Robles rojos y blancos

Las aproximaciones genómicas han permitido reconstruir el origen, la diversificación y la dispersión del género Quercus. Hay dos linajes que se distinguen morfológicamente por sus hojas: los rojos (sección Lobatae) tienen las hojas con lóbulos puntiagudos, mientras que los blancos (sección Quercus) poseen hojas con lóbulos redondeados. Presentan diferencias en los frutos (glande o bellota), en cuanto al periodo de maduración y la composición de nutrientes. En términos evolutivos y de relación con los ecosistemas, los insectos fitófagos reconocen las diferencias y en la mayoría forman grupos adaptados a uno u otro tipo.
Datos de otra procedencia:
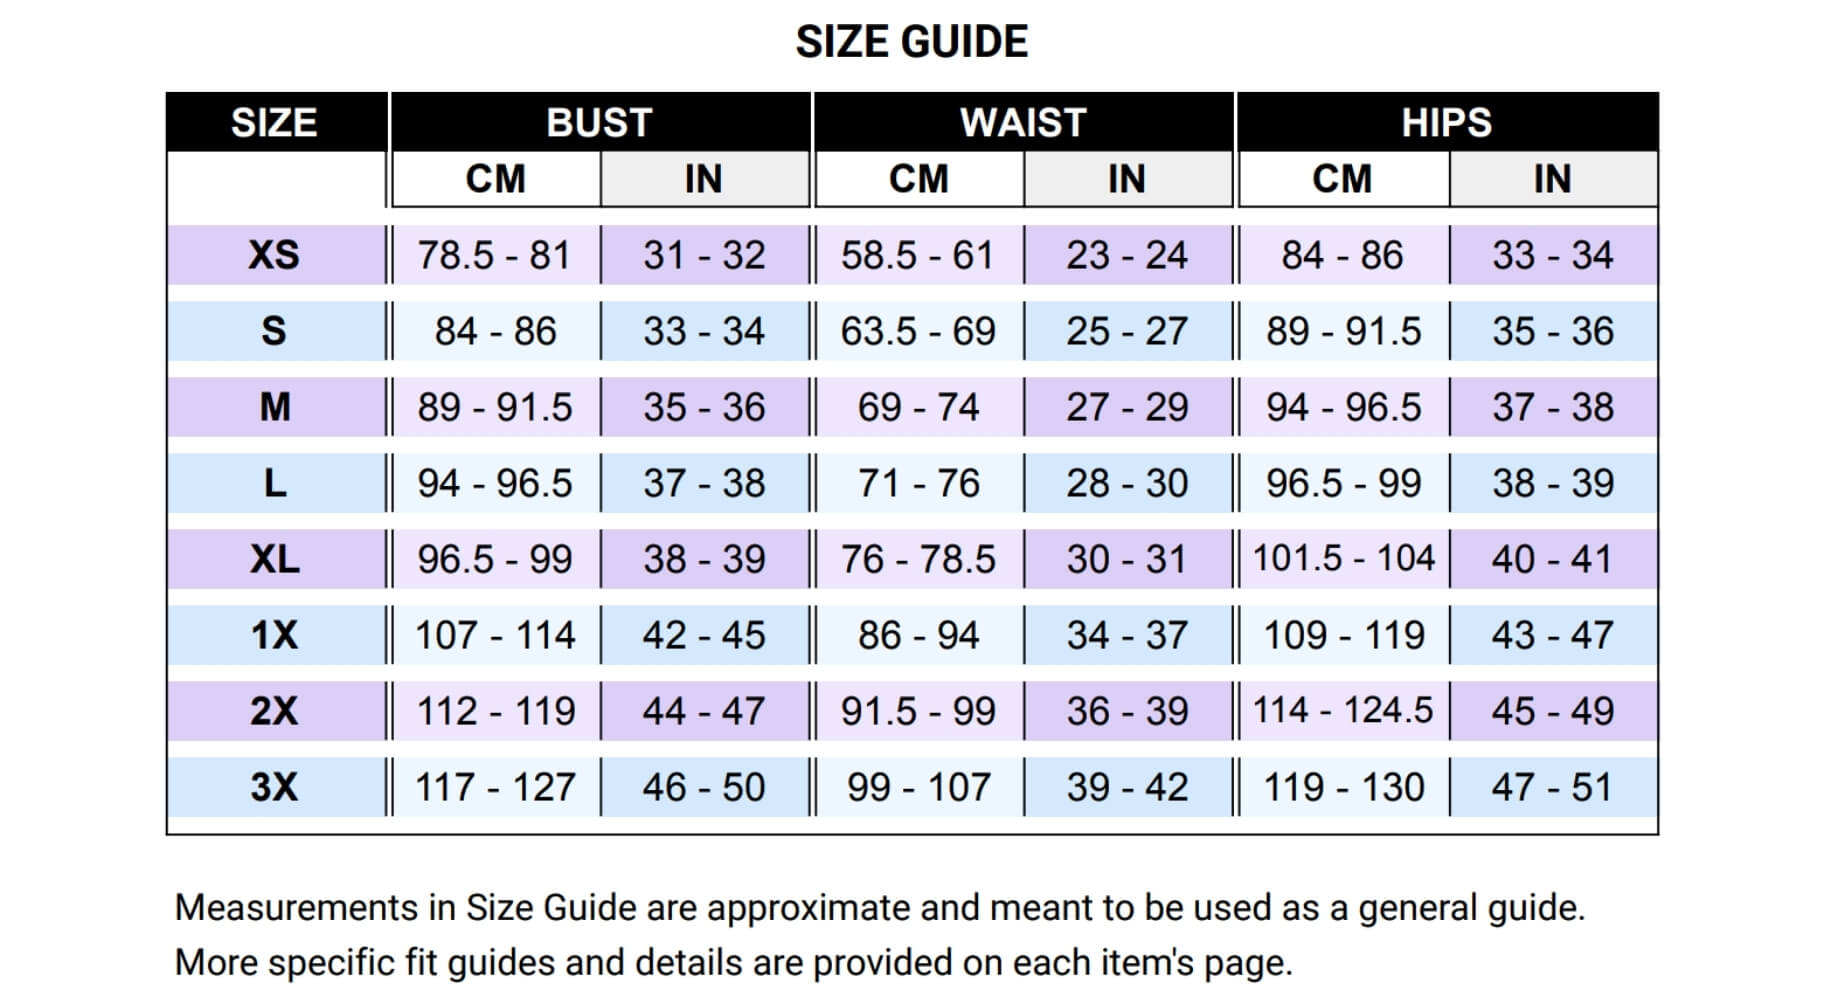 Rebella Size Guide in centimeters and inches, sizes XS through 3X

Incluso las micorrizas, hongos que conectan las raíces vegetales con los nutrientes del suelo, parecen ser capaces de distinguir con qué linaje quieren establecer la relación simbiótica.

 

Bosque de robles. Fotografía tomada por Flavio Camus. Fuente: https://www.flickr.com/photos/chicuco/5181236543/

 

Las variaciones, cuando se desciende a nivel de especie, hacen sin embargo difícil distinguir a los robles emparentados. Existe casi tanta variación intraespecífica, resultado de las respuestas plásticas al entorno y de la variación genética entre individuos, como variación interespecífica. Además, los robles solo se hibridan con los de su mismo grupo, todo lo cual dificulta la clasificación. A la vez las variedades manifiestan una gran capacidad, son promiscuas, para hibridarse con otras muchas. El genoma de estos árboles es un mosaico modelado por dos grandes mecanismos evolutivos: especiación e hibridación. Como señalan los autores, gracias a una técnica que se llama “secuenciación asociada a dianas de restricción”, que sirve para leer pequeños fragmentos de ADN, y a una importante colaboración internacional, junto al cotejo de estos análisis con los registros fósiles, ha sido posible la elucidación en gran parte del proceso de especiación del género hasta llegar a la misma base del árbol familiar. Esto es una prueba de que la ciencia en biología alcanza ya la estrategia y las dimensiones de colaboración científica de lo que se llama, en política científica, big science (gran ciencia) y que se ejemplifica con la investigación en física de altas energías, astrofísica o fusión nuclear.

 

Relaciones de buena vecindad

Como los autores subrayan, unos resultados muy interesantes son los del carácter relacional, que ha facilitado la integración entre los conocimientos genómicos y la información relativa a los estudios fisiológicos sobre la adaptación al clima y al hábitat, y los estudios de biocenosis acerca de la estructura de los robledales.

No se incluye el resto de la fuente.